WILLIAMS: It's unbelievable.

PERINO: Spend your money a little bit more wisely online.


WILLIAMS: You have like 24/7 right now, cable news. You have the internet, you have social media, and that's all free --

PERINO: That's right.

WILLIAMS: And that's what Donald Trump has done, right?

GUILFOYLE: Yeah, but you got to use that all.



GUILFOYLE: But guess what?

WILLIAMS: Go ahead.


GUTFELD: Yeah, but no --

GUILFOYLE: Do an interview.

GUTFELD: But they are --

GUILFOYLE: There's nothing better than a candidate being live, and people get opportunities.


GUILFOYLE: You got to show up.

WILLIAMS: The last ad that's really --

GUILFOYLE: Ben Carson, live, you know, on New Year's Eve, and Carly and, yeah, and Trump. So it was like, they show up for the interview.

WILLIAMS: I think the last ad I thought it was really terrific was by a republican in Iowa, Joni Ernst. Remember that ad where she had that castrate (inaudible).

GUILFOYLE: Oh my, God, yeah.

WILLIAMS: I know that was hilarious -- that stuck in my mind.

BOLLING: Kimberly is making a very good point. On New Year's Eve, should we put it out to every single candidate, do you want to come out or said about --

GUILFOYLE: To be lied with that.

BOLLING: It can be live and talk about issues. You can talk about New Year's Eve, you can talk whatever. Or if you want to send something in, go ahead send something in. Now, three people showed up live, fine. A few handfuls sent something in. Ted Cruz did a very long thing. He told a story, he had a minute and a half, it was engaging.



BOLLING: Jeb, who really needs this time right now, sends in a five-second, "hey, happy new year, everyone."

GUILFOYLE: Do people lie.

BOLLING: There can be opportunities.


BOLLING: You're right. There are opportunities they need to seize that.

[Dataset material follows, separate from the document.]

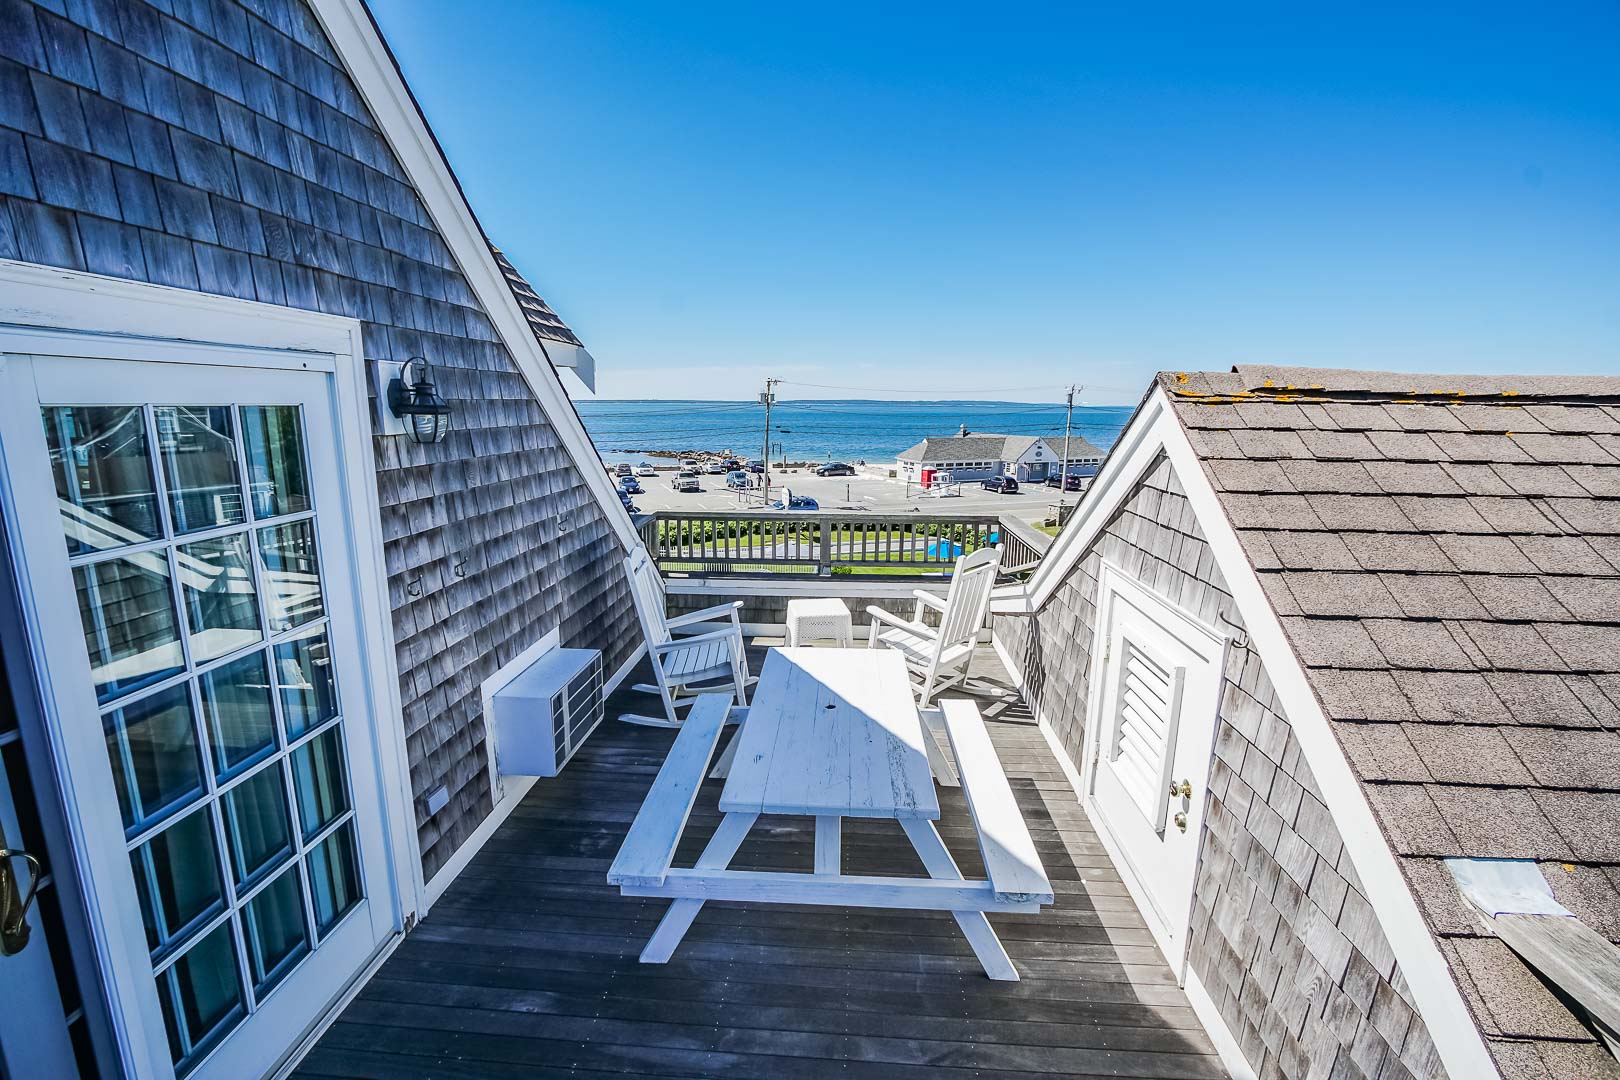 A serene beach view from the balcony at VRI's Beachside Village Resort in Massachusetts.

PERINO: But you also see that -- that the whole show was built around the Trump interview, and I think that if you're a candidate you think like, if they're gonna -- what is, what chance do I have to even be able to have make an impact if the whole thing is going to be about Donald Trump?

BOLLING: Ben Carson came on for a long time. Carly Fiorina came on with her husband for a very long time. There was opportunity. Those are just like --

GUTFELD: It's like being patsy on Happy Days. I mean, it was the Trump show. Let's face it. I mean, you're being just disingenuous.

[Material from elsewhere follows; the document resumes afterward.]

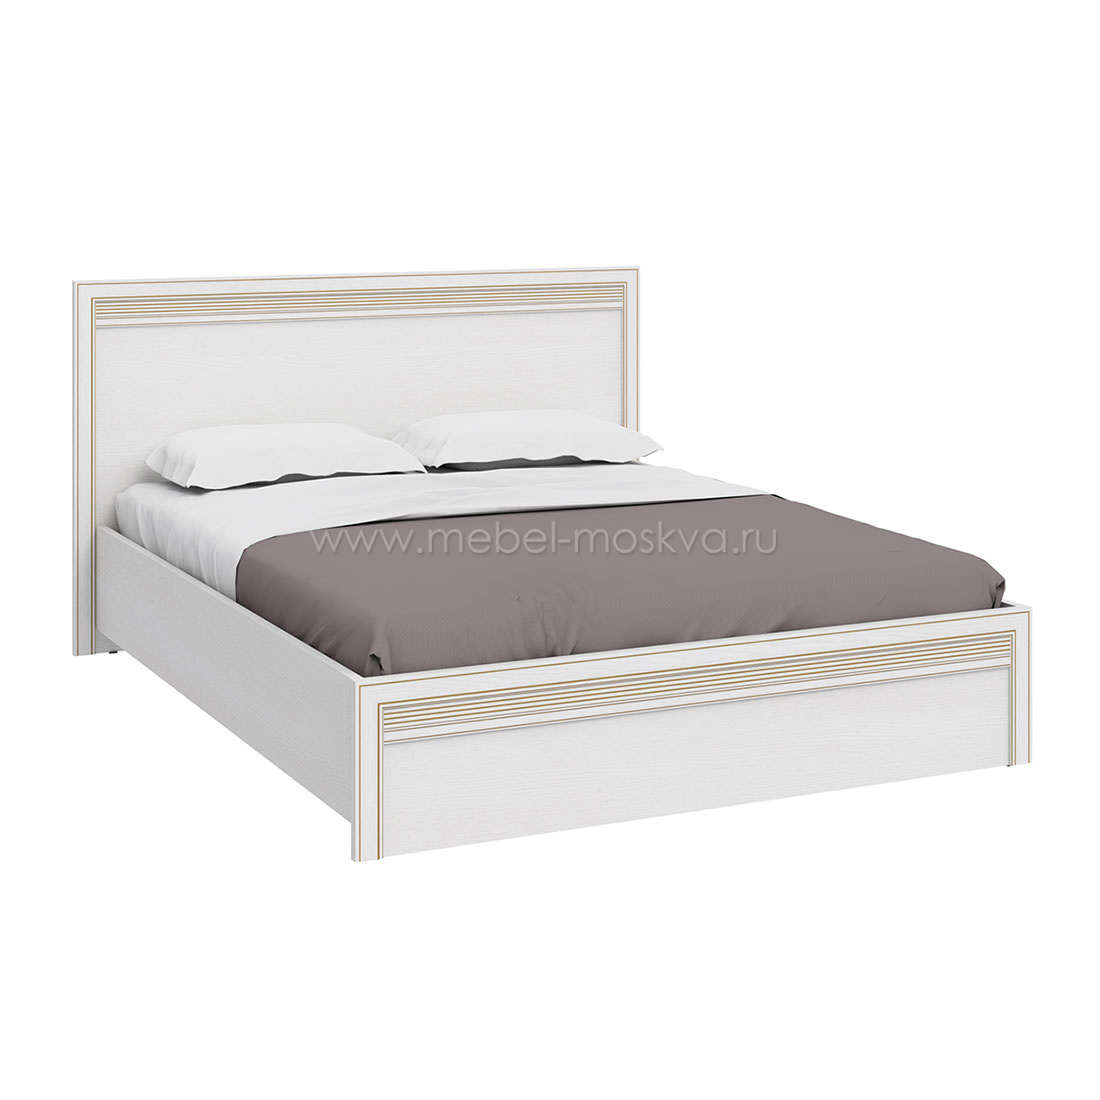 Двуспальная кровать Верди 160х200 (Белуна)

GUTFELD: It was the Trump show.

GUILFOYLE: It wasn't the Trump show. With all due respect, we hosted it. It was awesome, and the people who came on.

GUTFELD: I think you did a great job Kimberly. You did a great job on the Trump show.

GUILFOYLE: Very, very good. Well, I don't think it was the Trump show.

BOLLING: It wasn't it all. It was five minutes with Donald.


GUILFOYLE: You just see me the smaller and more mean-spirited than normal. How charming.

BOLLING: Ben Carson and Carly Fiorina probably are longer than..

GUTFELD: No, I'm just saying, if you're saying -- if you're pointing out why certain people didn't come on the show, you should ask yourself why, that's all.


GUILFOYLE: They were all invited and we invited Hillary Clinton, and we invited Bernie Sanders. Everybody was welcome, it was.


PERINO: Sanders should have done it.


GUTFELD: That wasn't fun.


PERINO: If Sanders have done it that would have been a huge.

GUILFOYLE: Martin O'Malley. Martin O'Malley came on.


GUILFOYLE: We invited him. Anyway, so that was it -- charming. No shooting in the (inaudible).

Ahead, he's tired or I'll shoot you back, (inaudible).

GUTFELD: Love to see that.

GUILFOYLE: He's -- or feel it. He is tired of waiting for Congress, so the president is about to go it alone again. He's signing a series of executive actions on gun control -- details, all that, coming up next.


BOLLING: After 15 days in his big Hawaiian extravaganza vacation, President Obama is back for his final year in office. He says he's fired up for it. Why? Because he plans to once again bypass Congress, this time to restrict your gun rights. The president is expected to announce executive actions he'll be taking tomorrow. A short while ago he gave a preview.


BARACK OBAMA, PRESIDENT OF THE UNITED STATES: The good news is that these are not only recommendations that are well within my legal authority and the executive branch, but they're also ones that the overwhelming majority of the American people, including gun owners, support and believe in.


BOLLING: Well, the president's gun agenda is drawing sharp fire from the Republican candidates.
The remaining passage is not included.